# Looking For Information On An Old Mechanical Midland Watch



## Stoo14 (Sep 26, 2011)

hi, looking for some assistance, if possible, for a mechanical Midland Watch i have. Very little info online about the Midland Watch Co so any info would be greatly appreciated. thanks. pic below.

http://www.flickr.co...in/photostream/


----------



## JoT (Aug 12, 2003)

Wow that's a beauty

Midland in enigmatic, I have seen several similar posts on other fora over the years asking for information on Midland but without any joy.


----------



## mel (Dec 6, 2006)

I'm with JoT on this, that piece ticks a lot of deco boxes, I've wondered if "Midland" could be another "West End Watch Company" type of product - - that is, made with a British name for the export market largely?

Who knows ?

Anyone ?


----------



## Stoo14 (Sep 26, 2011)

cheers folks. appreciated.


----------



## Stoo14 (Sep 26, 2011)

dont know why i didn't do it sooner, opened up the case and it says "Benrus Watch Co" on the inside. googled and found this, which looks almost exactly the same as mine. http://www.pensandwatches.com/benrus_watches.html


----------



## mel (Dec 6, 2006)

Stoo14 said:


> dont know why i didn't do it sooner, opened up the case and it says "Benrus Watch Co" on the inside. googled and found this, which looks almost exactly the same as mine. http://www.pensandwatches.com/benrus_watches.html


Well you see, that starts to explain things a tad, Benrus (in common with many other US and UK makers) would import movements from Swissyland and fit them to locally supplied cases.

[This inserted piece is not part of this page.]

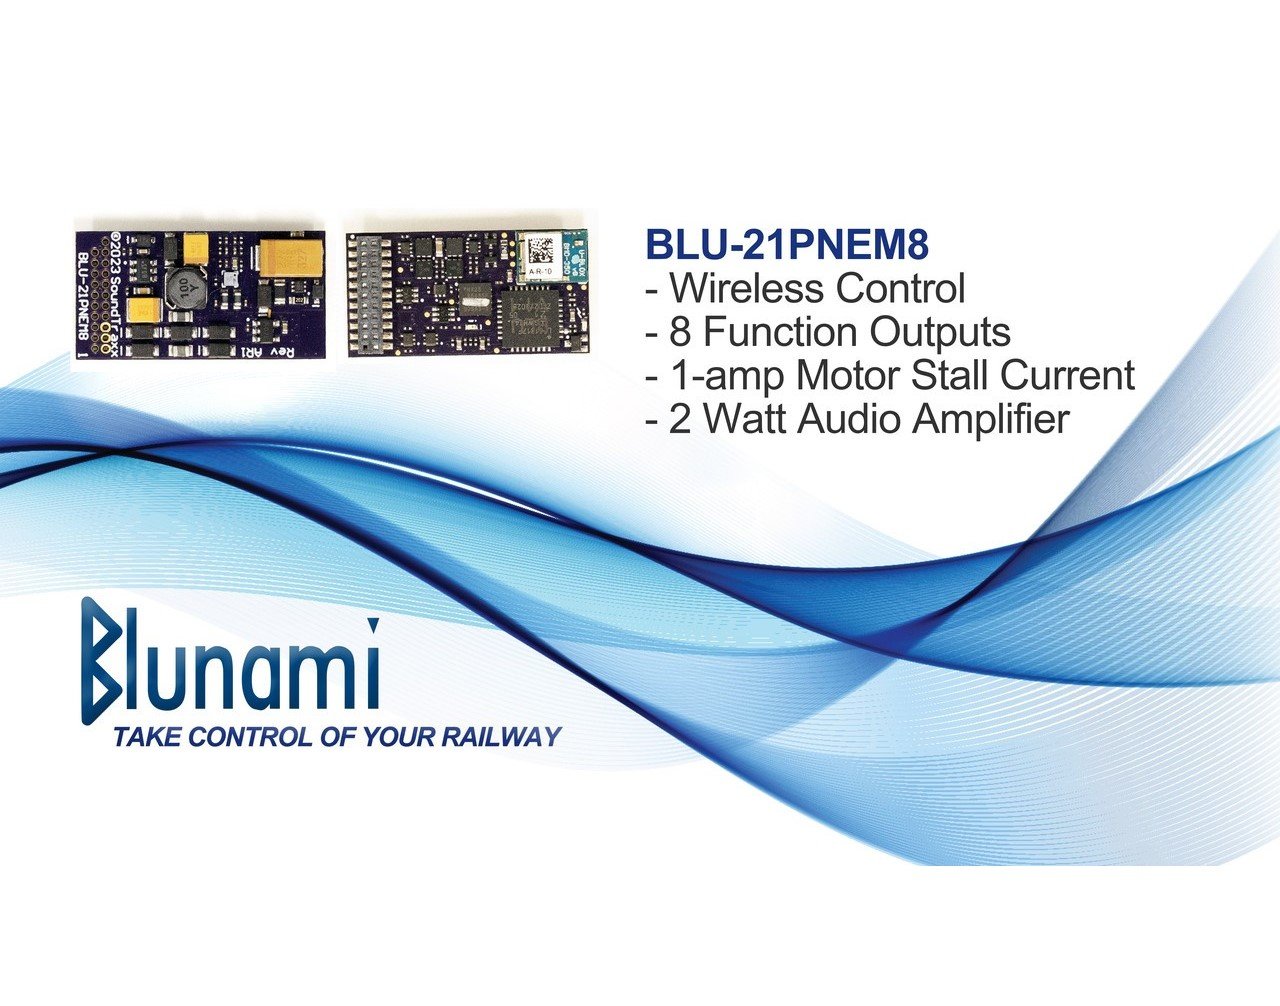 SoundTraxx Blunami BLU-21PNEM8 885610 GE Diesel Wireless DCC/SOUND Decoder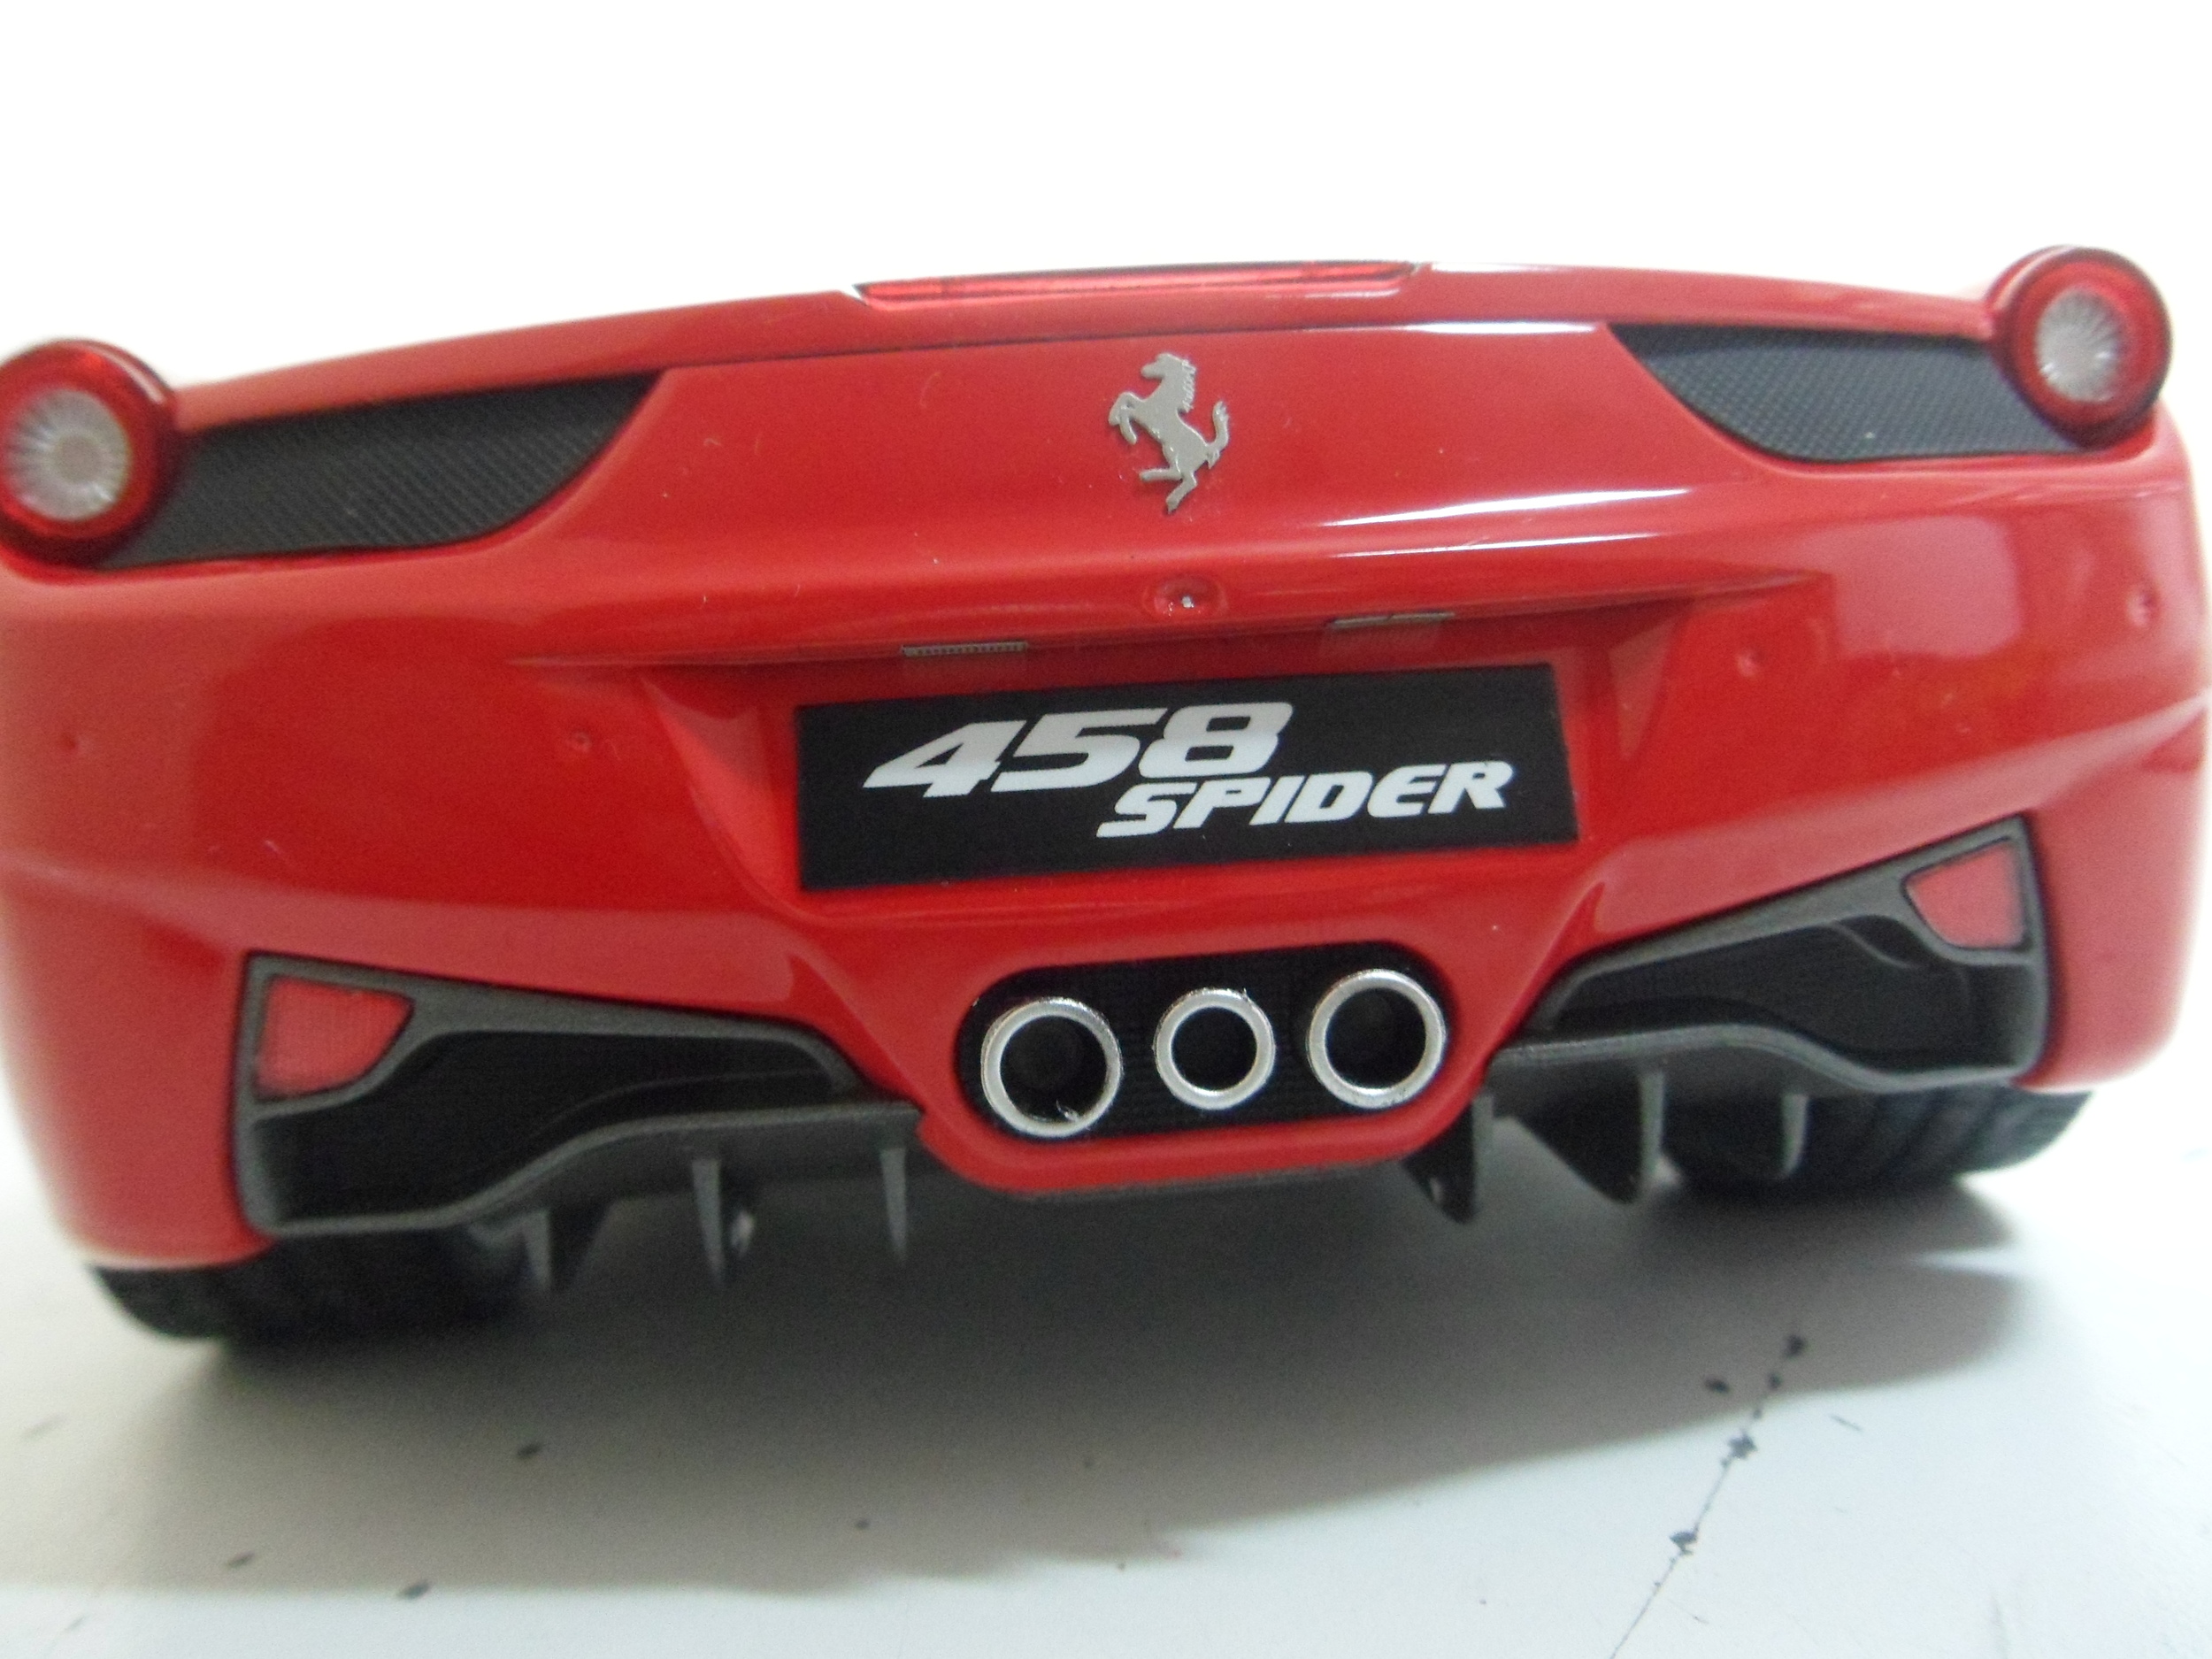 Mattel Defektes Modell Ferrari 458 Speciale Coupe Rot mit Streifen Ab 2013 1/18 Elite Modell Auto

This was a "device" to save on import duties as the movements could be classed as spare parts and thus carry a lower rate of Customs Duty than complete watches, depending on the regulations of the importing country. Swiss watches were regarded as "luxury goods" by some countries, and taxed accordingly. :lol:

My guess is that "Midland" would have been doing exactly this, either as what we call a "sub-brand" (part of Benrus) or buying movements from Benrus and casing them up locally wherever they were based :yes:

A look on fleabay with a search for "Benrus watches" wil usually turn up a few as well.


----------